You Can Shove Your Pity Where The Sun Doesn’t Shine

As a trans person I suppose I ought to be thankful for the fact that, broadly, it is considered good and right for those up and coming within the Labour party (or those, at least, adjacent to its Twittery or youthful wings) to vocally proclaim support for “trans rights”. There is a certain kind of Online Leftist who seems to wield their support for trans people as an ablative shield, a reason they are Good instead of Bad, as if support for trans rights was a plenary indulgence that would buy you a thousand other splendid sins. Well – I do not have any intent of granting such souls absolution – especially when they’re often so bad at it. I often do not feel thankful. I want to explain why.
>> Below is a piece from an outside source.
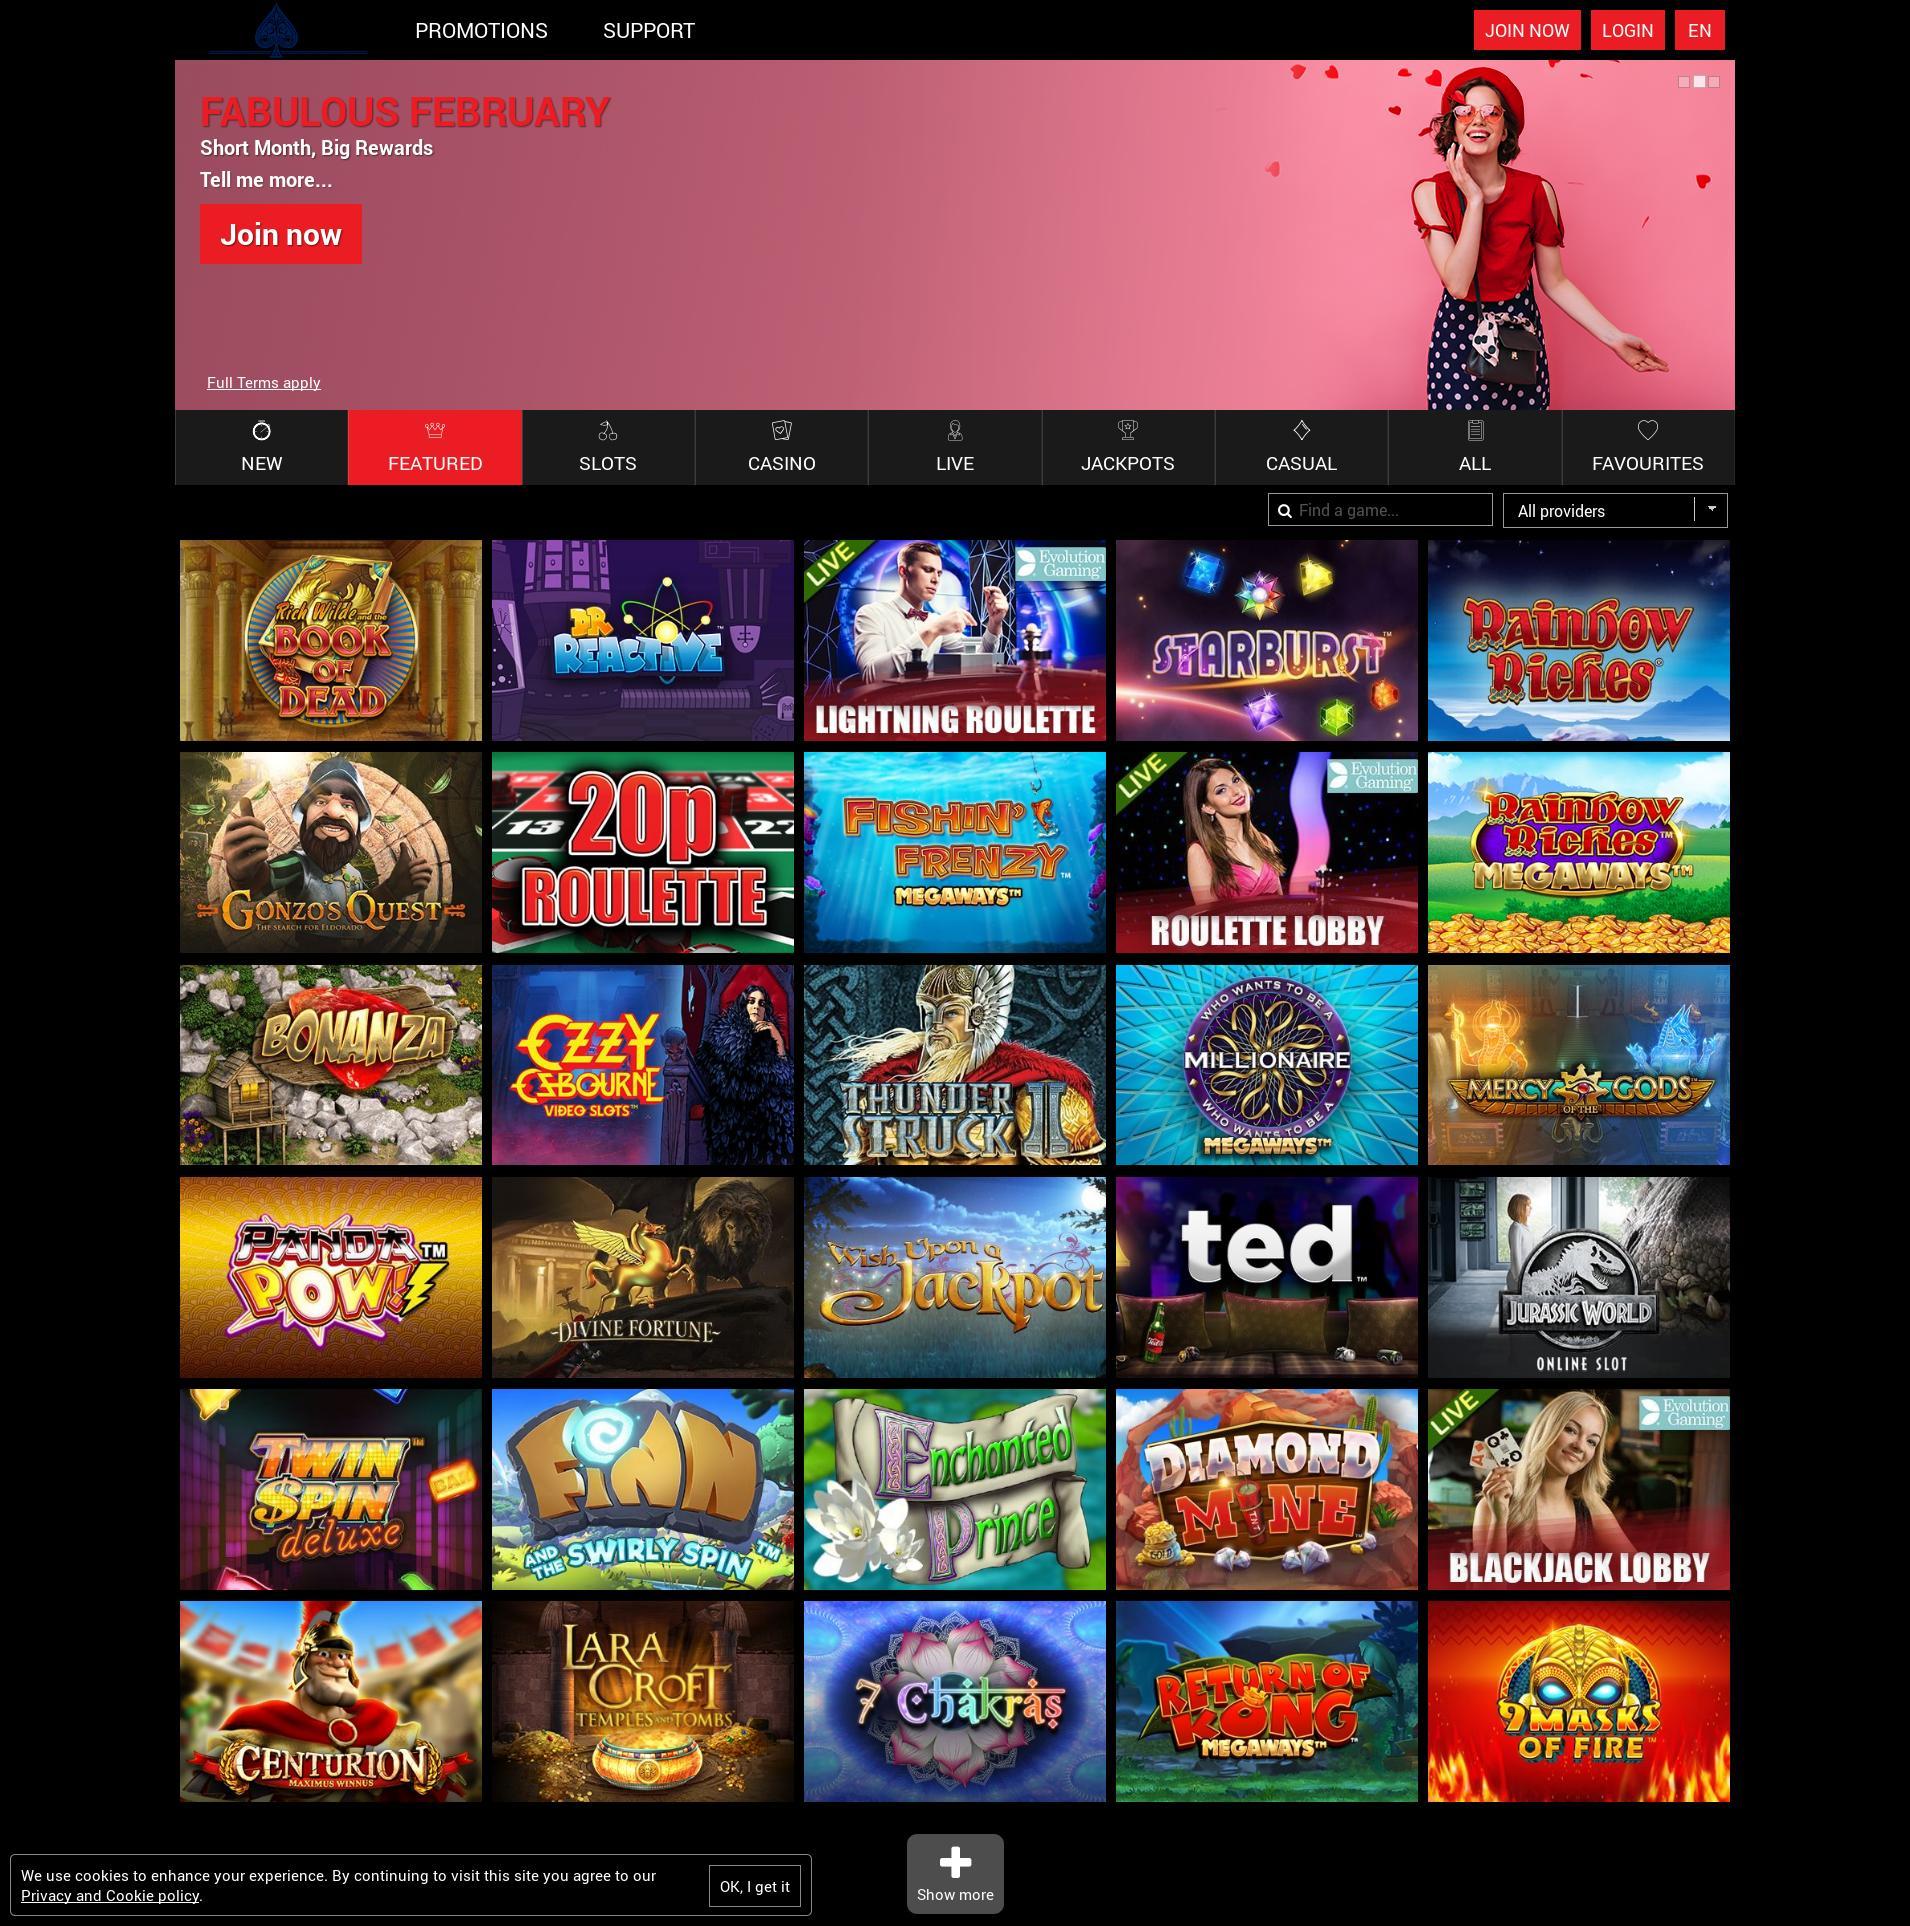 Casino screen Lobby 2020-02-22 for United Kingdom

I’ve written before (and writers like Shon Faye have written better) about the way that the “trans debate” (what a cursed phrased) seems to often get bogged down in discussions about the minutiae of the nature of identity. This seems to often manifest by including “trans self-ID” on the list of things that someone must support in order to be accepted as sufficiently righteous. Well, I mean, yes, I agree, they ought to support it, if by “self-ID” you mean “Gender Recognition Act reform”, but one thing I resent from this is that self-ID is to be quite frank a term most often used on the side of the debate opposing these reforms. The Labour Campaign for Trans Rights, whose work I very much support, is correct to avoid the use of the term – but it is also notable how low down their list of pledges GRA reform is. When you talk to those who only have a vague idea about trans people, or those against us in various forms, you would think that “self-ID” was the primary obsession and political desire that trans people hold. This doesn’t reflect most trans people I know, who want, frankly, a variety of contradictory things as well as the stuff we do agree on: but whether or not we have the right paperwork is a necessary but ultimately secondary concern to many.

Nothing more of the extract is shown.